Skills are the same. The thing I started learning late didn't just start late, it started without a base. If I'd begun even a tiny version years earlier, every new thing would have layered onto existing ground instead of beginning from zero. I kept resetting to zero because I kept waiting to "really commit."
| What I delayed | What the delay actually cost |
|---|---|
| Investing | A decade of compounding I can't recover |
| Building a network | Relationships that never had time to deepen |
| Learning a hard skill | Years of starting over from zero |
| Writing publicly | Reps, feedback, and a body of work |
The shape is identical every time. Comfort now, quiet cost later, and a bill that only comes due once it's too big to ignore.
Photo by Towfiqu barbhuiya on Unsplash
If you're in your twenties reading this, you have the one thing I can't get back: time on the front end of the curve.
You don't need to be impressive today. You need to start the slow things today, even at a tiny scale. A small monthly investment, a daily rep of a skill, one uncomfortable conversation a week. The amounts barely matter. The years do.
And if you're not in your twenties, the lesson still holds. The second-best time to start a compounding thing is always right now. The cost of waiting only grows.
If this lands, pick one slow-compounding thing and start it badly this week, and keep reading through these notes on the quiet choices that shape a decade.
Q: Wasn't there a single big decision you regret more? Honestly, no. The big mistakes taught me things. The quiet comfort-choice just cost me, silently, with nothing to show for the price.
Q: How do I avoid the same trap?
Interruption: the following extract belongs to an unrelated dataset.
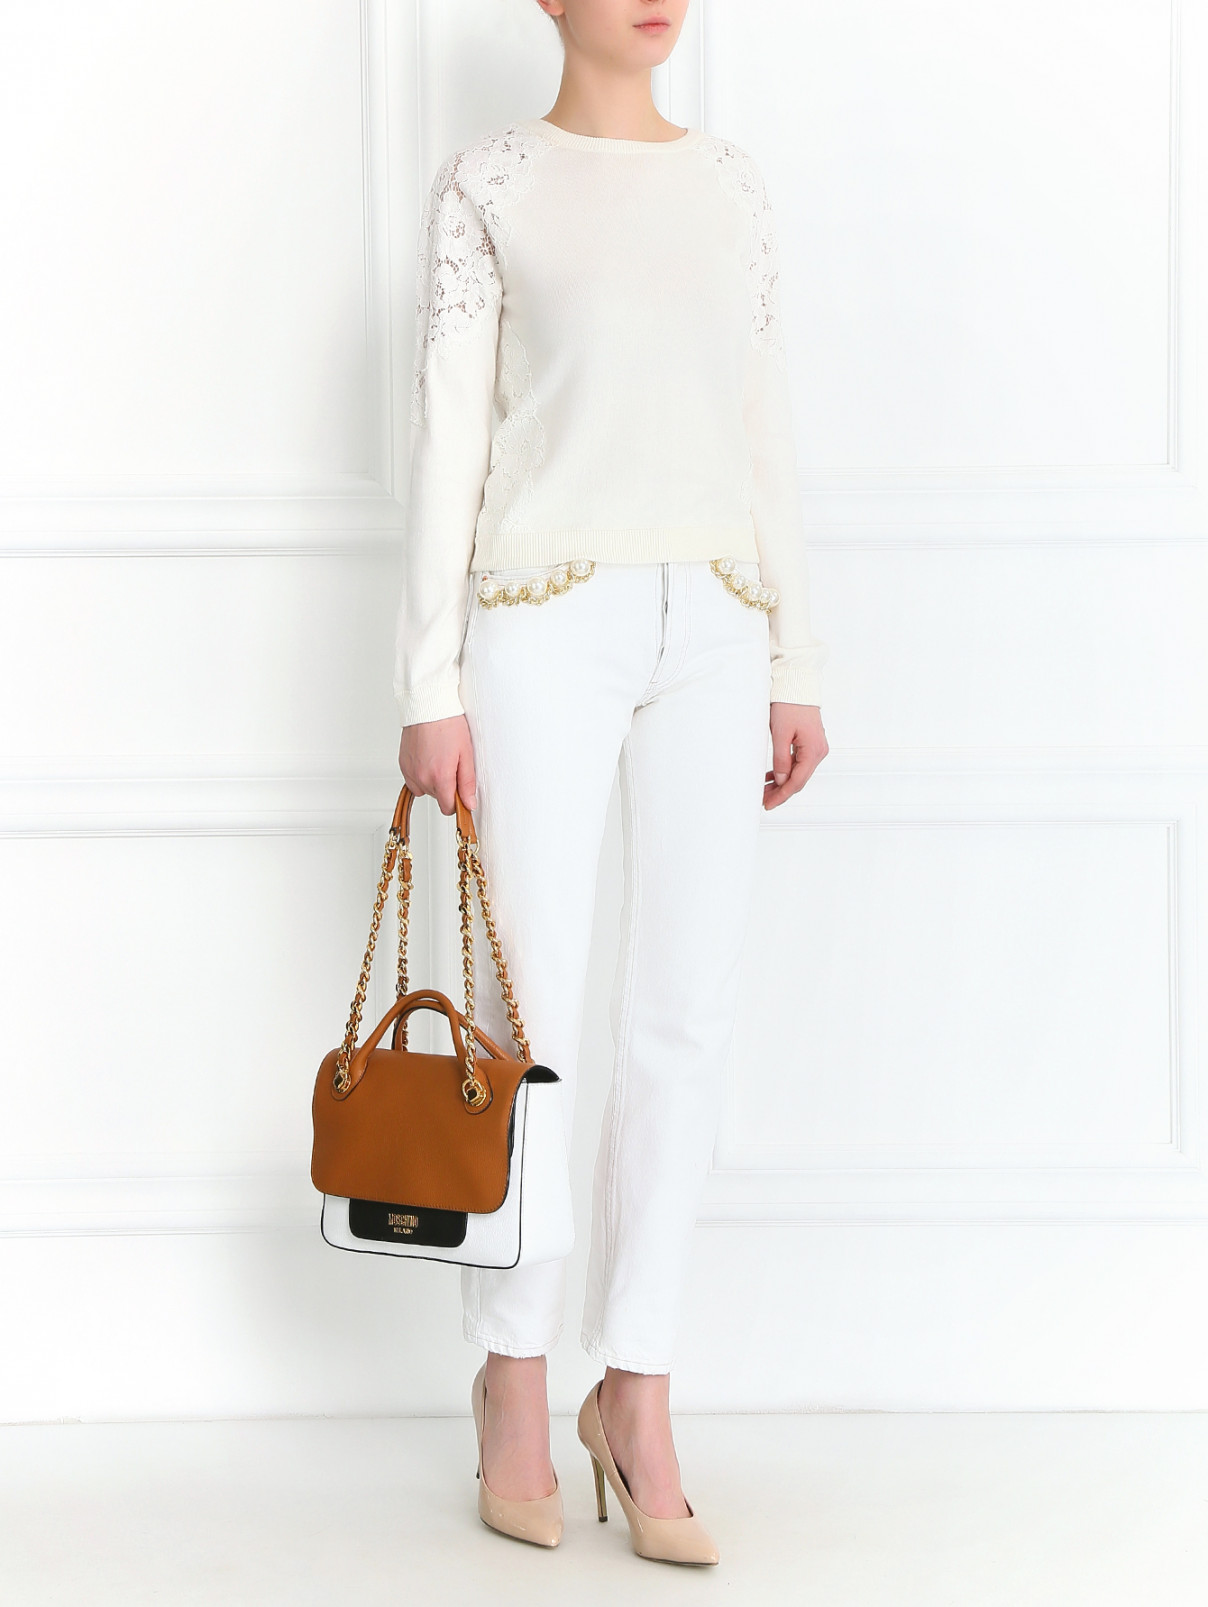 Джинсы-бойфренды декорированные искусственным жемчугом Forte Dei Marmi Couture  –  Модель Общий вид  – Цвет:  Белый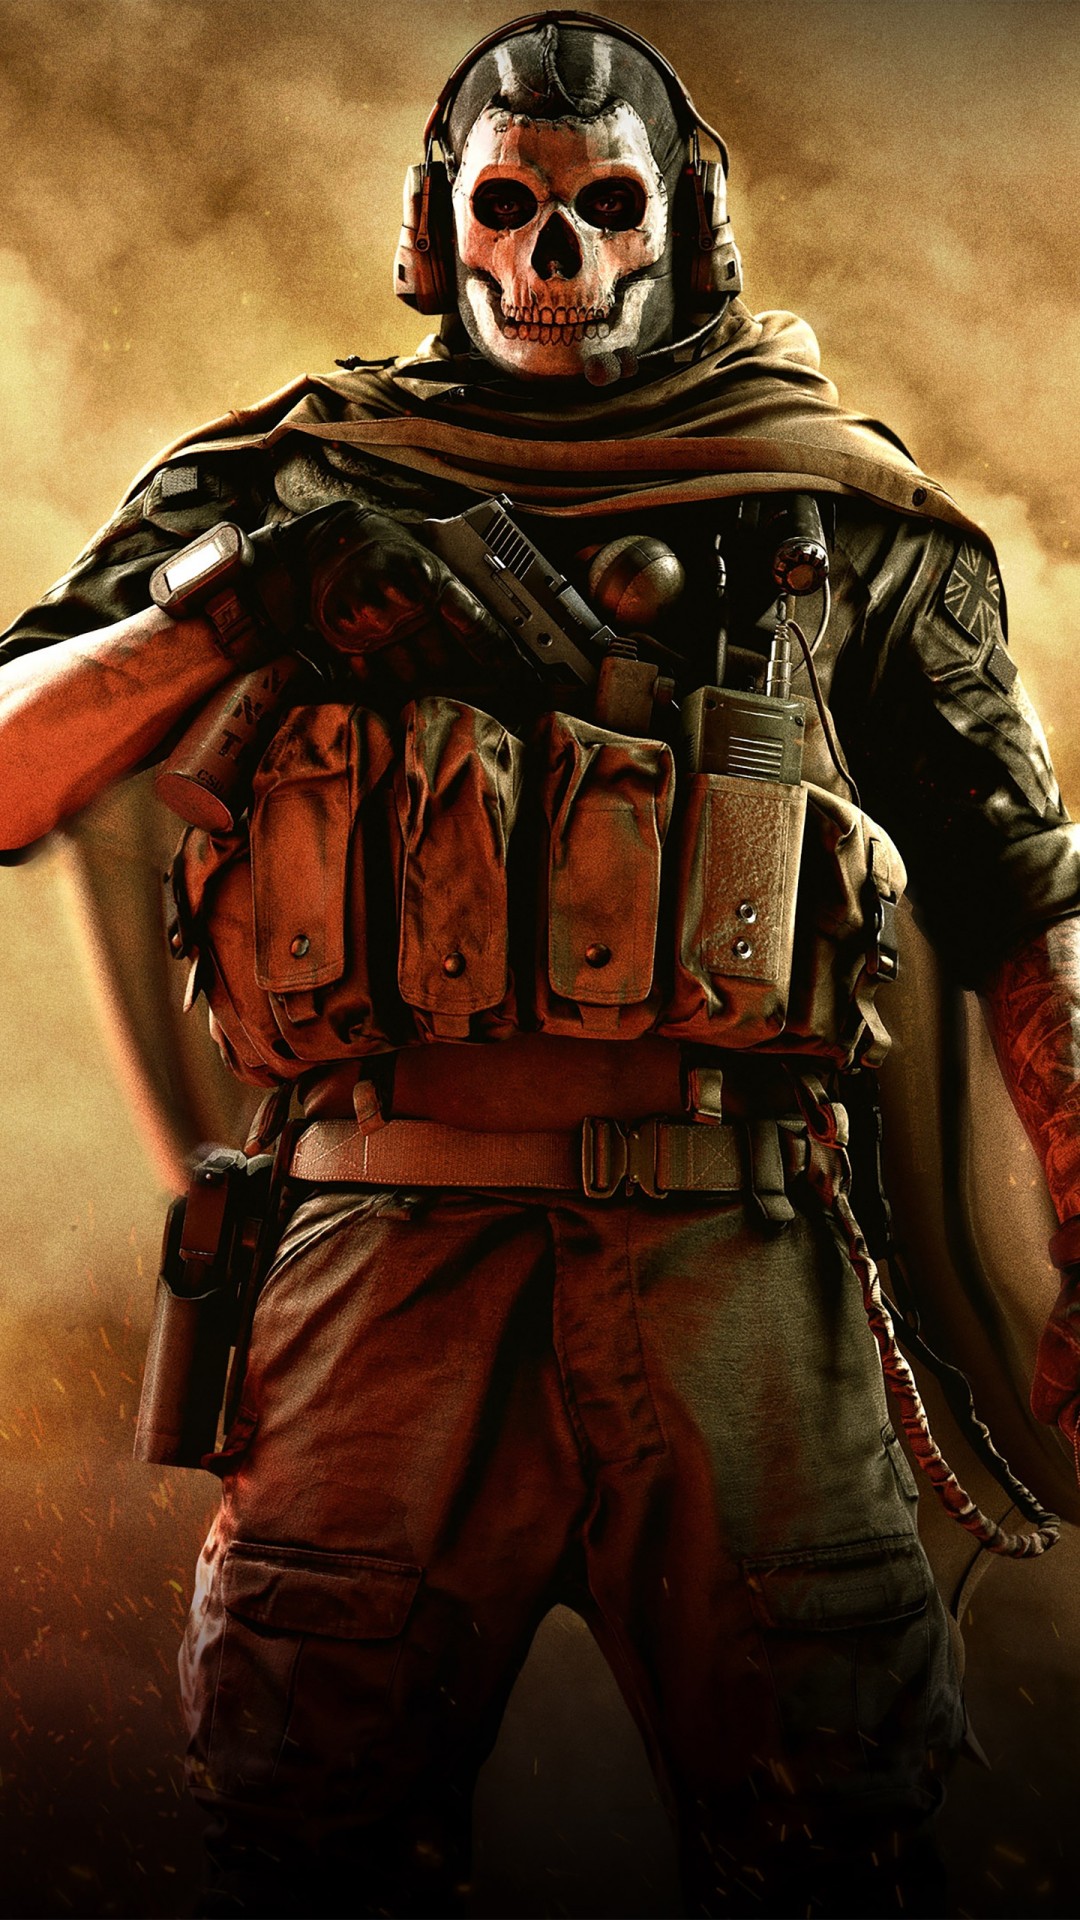 تصویر شاهکار Call of Duty از مرد با صورت جمجه

Automate the slow-payoff choices so they don't depend on willpower, and start them now at any size. Remove the daily decision and comfort can't win.
Q: Is it too late if I'm past my twenties? No. The exact same compounding logic applies from any age. You just want to start as early as the rest of your life allows, which is today.
Q: What's the smallest version to start with? Pick one compounding thing, money, a skill, or a relationship, and take one tiny action toward it this week. Then automate the repeat.
The decision I'd undo wasn't a dramatic mistake. It was choosing comfort over compounding, quietly, a thousand times, until the gap was too big to ignore.
Don't wait for a loud moment to make a wise choice. The most expensive decisions of your life are the small, comfortable ones you don't even notice making.
What slow, compounding thing could you start this week, before another quiet year slips by?